The compiler is the memory controller
On a GPU, the memory controller is a hardware unit that decides, at runtime, which cache line to evict and which to keep. On a TPU, XLA is the memory controller. It makes the same decisions — what data to place where, when to prefetch, when to evict — but at compile time, statically, before the program runs.
This has profound implications for what workloads TPUs can serve efficiently:
| Workload Property | GPU (Hardware Cache) | TPU (Software Scratchpad) |
|---|---|---|
| Static, predictable access | Good — cache learns the pattern | Excellent — compiler schedules perfectly |
| Dynamic shapes / control flow | Good — cache adapts at runtime | Poor — compiler must pad/speculate |
| Sparse, data-dependent access | Moderate — L2 absorbs hot set | Poor — requires SparseCore bypass |
| Latency determinism | Low — cache misses cause variance | High — no cache misses possible |
| Energy efficiency | Moderate — cache tag checks cost power | High — no tag arrays, no coherence |
The energy argument
Hardware caches are not free. Tag arrays, comparators, eviction logic, and coherence protocols consume silicon area and power. On a modern GPU, the L2 cache alone can consume 5–10% of the chip's power budget. By eliminating hardware caches entirely, the TPU reclaims that power budget for compute and memory bandwidth — a direct efficiency advantage for workloads that don't need the cache's flexibility.

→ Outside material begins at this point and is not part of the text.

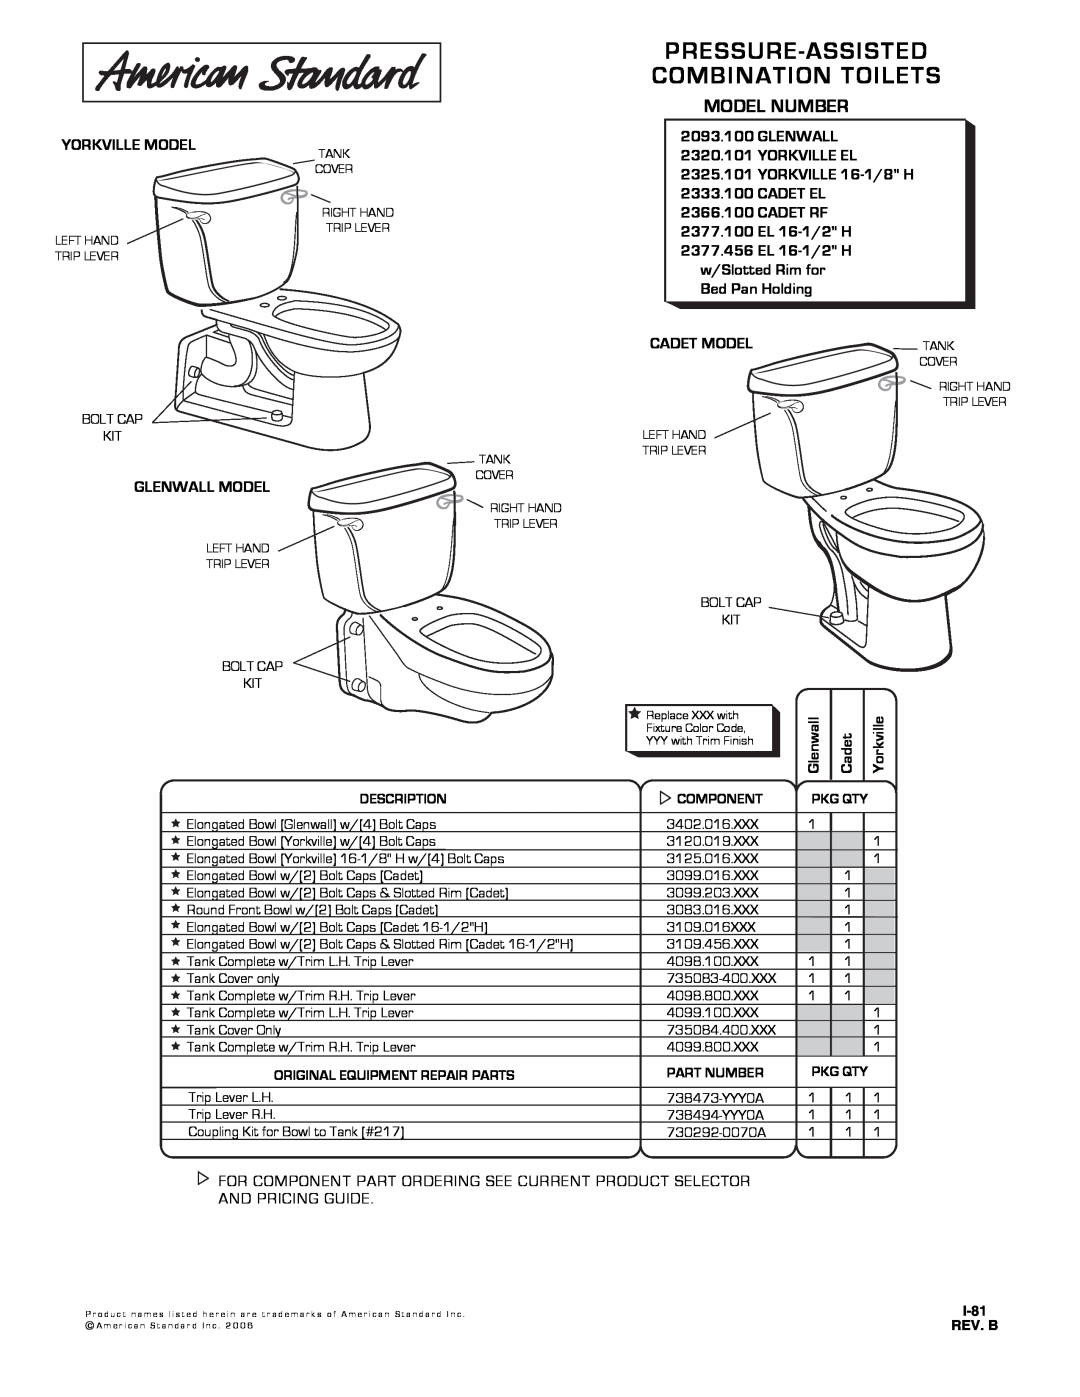 American Standard 2333.100 manual Pressure-Assistedcombination Toilets, Yorkville Model, GLENWALL 2320.101 YORKVILLE EL

This is a significant part of Trillium's (v6e) 67% energy-efficiency improvement over v5e. It is not just better transistors — it is a fundamentally leaner memory interface that does not pay the overhead of hardware cache management.
Where this leads
The software-managed memory model is a bet on compiler technology. As XLA improves — better tiling strategies, better prefetch scheduling, better handling of dynamic shapes — the range of workloads that TPUs handle efficiently expands. But the fundamental constraint remains: the compiler operates on information available at compile time. Runtime-dependent access patterns will always require either hardware caching (the GPU approach) or purpose-built irregular-access processors (the SparseCore approach).
The interesting question is not which approach is "better" — it is which approach is better suited to the workloads that matter most. For dense transformer training and inference, the TPU's software-managed model is demonstrably more efficient. For general-purpose ML serving with dynamic batching, variable-length inputs, and diverse model architectures, the GPU's hardware-managed model remains more robust.
GPUs hide the memory system behind hardware caches. TPUs expose it to the compiler. The tradeoff is determinism vs. generality — and it explains more about the TPU's strengths and limitations than any FLOPS number ever will.